I'd go for the higher dose.

Sent from my GT-I9100 using Tapatalk


----------



## Mingster (Mar 25, 2011)

I would go with the higher dose too. I've ran many cycles over the years and would never go higher than 800 test and 600 deca. If you don't get results from that there's a training or diet issue to address.


----------



## Pav Singh B. (Nov 6, 2010)

x3 for the higher doses.. 800mg test and 450mg deca are nice doses, 10weeks deca is still fine but personally I would just run the deca for the whole 12weeks if you can


----------



## artex (Apr 29, 2011)

Pav Singh B. said:


> x3 for the higher doses.. 800mg test and 450mg deca are nice doses, 10weeks deca is still fine but personally I would just run the deca for the whole 12weeks if you can


yes i can run the deca for 12 weeks, but i read it was better kept short of the test, i.e run the test longer. would i be better 12 weeks deca and 13-14 weeks of test


----------



## artex (Apr 29, 2011)

Any 1 else


----------



## Pav Singh B. (Nov 6, 2010)

curran said:


> yes i can run the deca for 12 weeks, but i read it was better kept short of the test, i.e run the test longer. would i be better 12 weeks deca and 13-14 weeks of test


You could extend it to 14weeks test and 12weeks deca.. or you could still run both test and deca for whole 12weeks and run test propionate at the end of the cycle right up till PCT (the waiting gap between your cycle and PCT) so during that 2-3week period you still have some good amounts of test flowing in you

so it would look like this then;

weeks 1-12: test 800mg

weeks 1-10: deca 450mg

weeks 1-4: dbol 30mg

weeks 1-12: arimidex 0.5-1mg E3D

weeks 3-12: HCG 1000iu

weeks 13-14: test prop 150-200mg EOD

weeks 15-16: nolvadex 20mg aromasin 20mg daily vit e 1000iu

weeks 17-18: nolvadex 20mg clomid 50mg daily vit e 1000iu


----------



## artex (Apr 29, 2011)

Lucky233 said:


> Mate I'm in to my test 400 2 weeks today just weighed myself 12.6 last week 12.13 today my god this stuff is amazing lol


What dose ya running at mate


----------



## artex (Apr 29, 2011)

Lucky233 said:


> 2ml a week mate rushed it today though had a bit of air in there and injected fast going to have bad pip 2mo oops :/


is it prochem ur using. what is the pip like generally


----------



## artex (Apr 29, 2011)

Any one to add anything


----------



## Fullhouse (Mar 31, 2010)

If I had 3 x test 400 and 2 x deca 300 my cycle would be 3ml test and 2ml deca. So 1.2g test and 600mg deca


----------



## Zzz102 (Apr 6, 2010)

i did test e at 300mg and deca 300 a week

so 600mg in total and put on 28 pound in 10 weeks


----------



## artex (Apr 29, 2011)

Zzz102 said:


> i did test e at 300mg and deca 300 a week
> 
> so 600mg in total and put on 28 pound in 10 weeks


That's impressive gains, how much did u hold onto mate


----------



## Zzz102 (Apr 6, 2010)

3 weeks off it and nothing so far.. must be some deca lingering around


----------



## hermie07 (Sep 16, 2008)

my next cycle is a test and decca one but running it at

weeks 1-12 test 750mg

weeks 1-10 decca 450mg

weeks 1-4 dbol 40mg ed OR 50mg anadrol ed. (not decided which one to use yet)

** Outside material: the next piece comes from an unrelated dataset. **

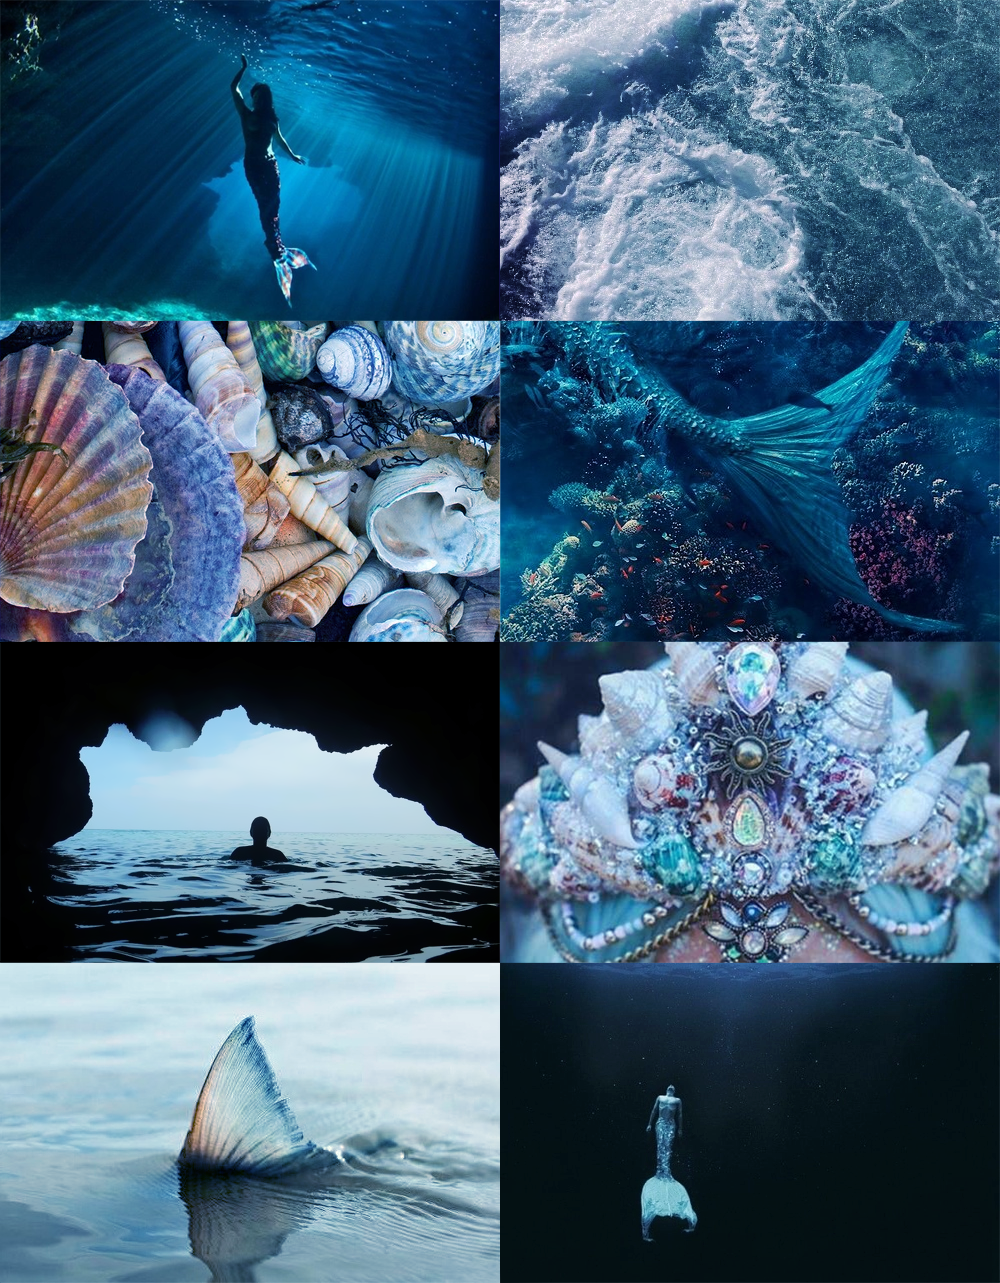 Mermaid Aesthetic. Mermaid aesthetic, Magic aesthetic, Mermaids and mermen

should i up the decca to 600mg ew or leave it at 450mg????


----------



## artex (Apr 29, 2011)

hermie07 said:


> my next cycle is a test and decca one but running it at
> 
> weeks 1-12 test 750mg
> 
> ...


Its my first time with deca so I just running 450 mate. Y not start at 450 and up it if ya need too


----------



## artex (Apr 29, 2011)

Any one else wanna comment on my cycle. Thanks


----------



## R1cky (Oct 23, 2008)

My cycle

week1-4 dbol 40mg

week 1-12 Test e 750mg

Week 1-12 decca 400mg

Week 1-12 anastrazole 0.5 mg EOD

weeks 1-11 clomid 50mg EOD

PCT:

week12: 100mg Clomid ED, arimidex 1mg ED

week 13: same as week 12

Week 14: 50mg clomid ED, arimidex 0.5mg ED

weeks 15: arimidex 0.5mg EOD

week 16: nolvadex 20mg ED

i have anti-prolactin (caber) in hand and also some finestride (fincar) for prostate and hairloss also some hcg but i have heard clomid is much better during the cycle than hcg. ( its not carved out in stone though )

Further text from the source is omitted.